As part of their feature on Valentine’s Day (the kick-off: don’t send money to someone you’ve only met on-line, followed by notice of an auction today in England of the world’s oldest-known valentine, which is believed to have resulted in marriage a year later), CBS This Morning looked at O Magazine’s list of top movie romances. Which I still wasn’t paying much attention to, because most of their choices wouldn’t have been mine (Harry and Sally topped the list), but then avuncular Anthony Mason said his favorite wasn’t on the list: Gregory Peck and Audrey Hepburn in Roman Holiday.

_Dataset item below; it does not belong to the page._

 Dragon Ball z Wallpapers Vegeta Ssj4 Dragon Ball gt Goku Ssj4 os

Which was an eminently better pick than Dirty Dancing or the frippery of Titanic. (The sinking scenes came across as very authentic, says someone who wasn’t there, but I remember nothing of Leo and Kate, except that he found an inordinate number of reasons to go back below deck.)

Then everyone else at the CBS table cast their votes (all of them not on O’s list), and that got me thinking about my favorite movie romance. And so far I’m still thinking.

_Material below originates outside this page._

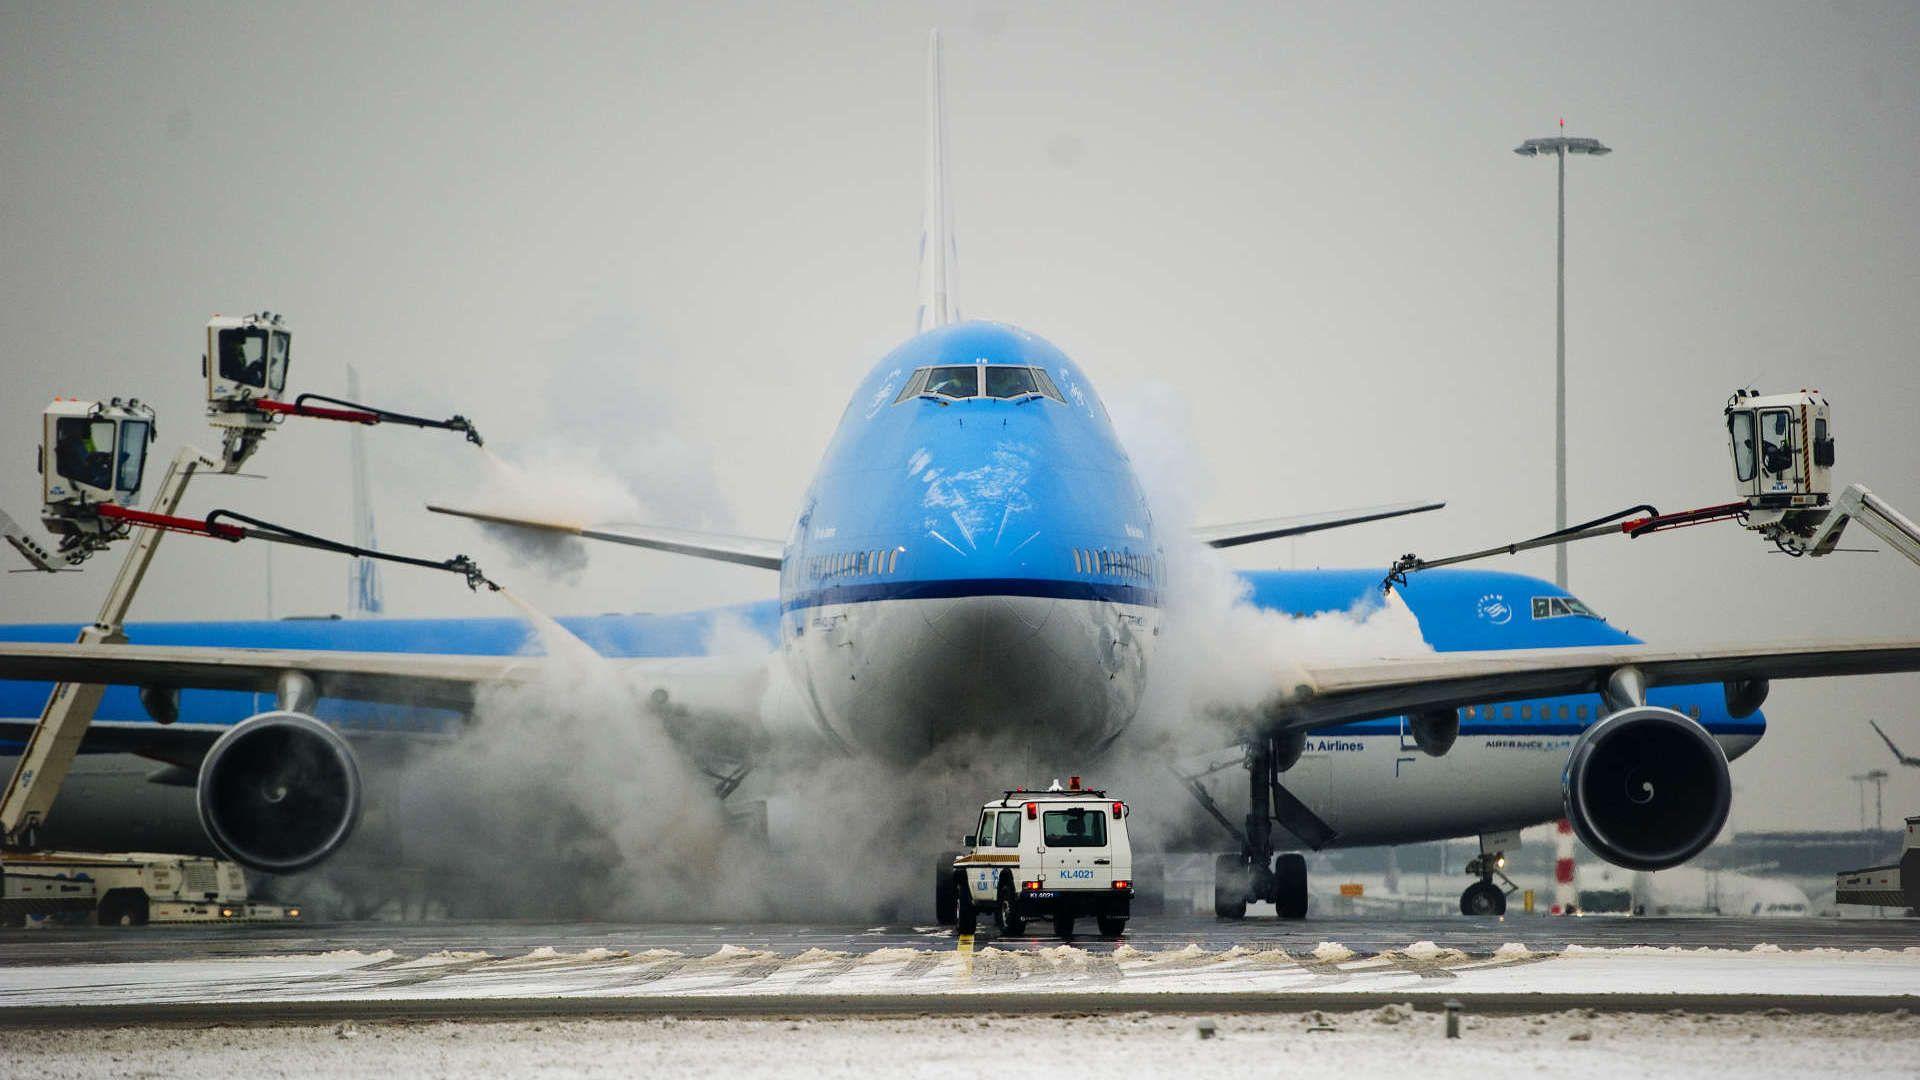 Deice ice baby klm blog vliegtuig aircraft helikopter

If you asked me about a book, I’d have a ready answer: Loyd (yes, with one L) and Codi in Barbara Kingsolver’s Animal Dreams. It’s so short and understated that I can’t help but admire how far Kingsolver gets with so little. I’ll quote it here, but since I have no idea where any of my books are (I’m working on the shelves — don’t rush me), this is from memory and may not be completely right.

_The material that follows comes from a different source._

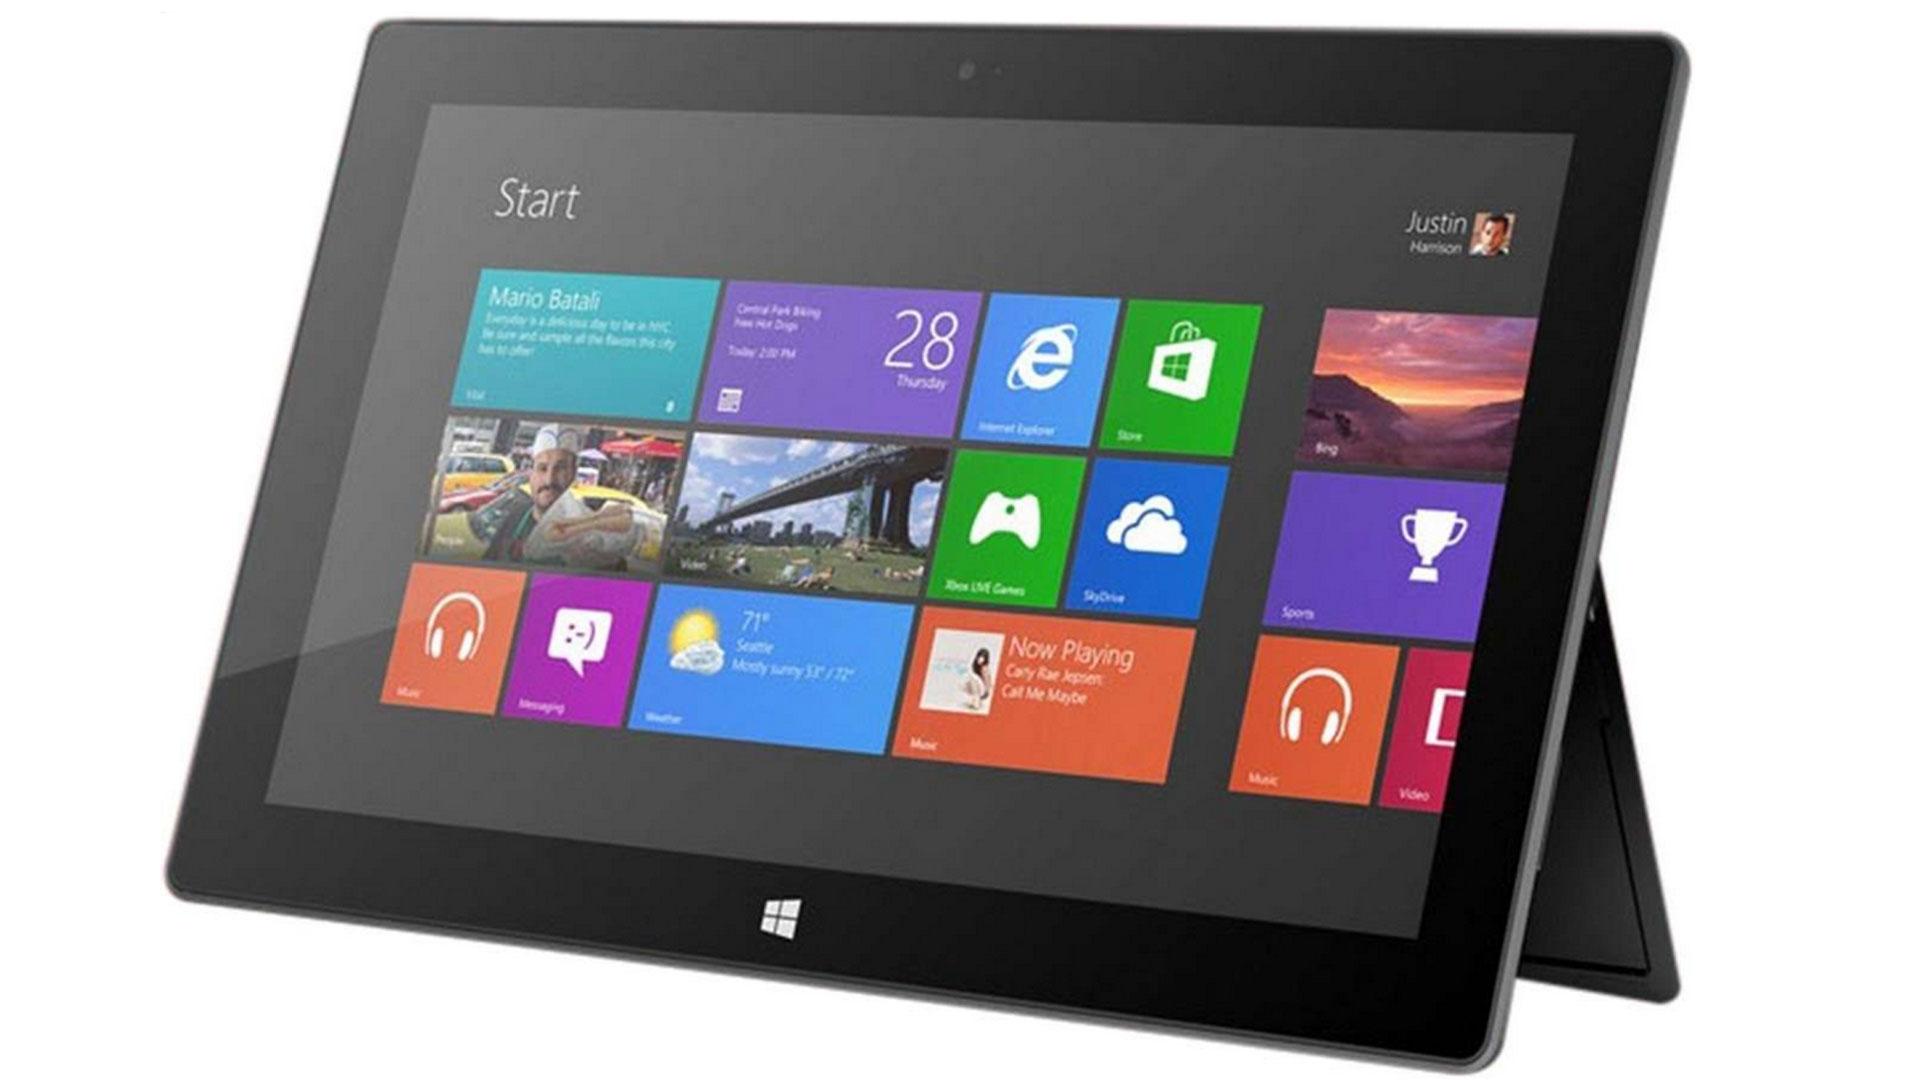 8GB RAM搭載 Surface Pro 2 価格は10万円台?   グローバル ...

Codi (a woman, I will note for those who haven’t read the book) pokes Loyd in the chest and hears a crinkling noise. ” ‘Loyd Peregrina, if that’s a condom in your pocket, then this is my lucky day,’ ” Codi says. “He did. It was.”

Isn’t that remarkable? Four little words, and an entire scene takes place. It’s so beautifully understated — how can you not admire it?

But movies . . . It’s entirely possible there are 20 or more years of great love scenes out there that have escaped my notice since I so rarely watch movies anymore. But since everything’s so GCI these days, I have my doubts.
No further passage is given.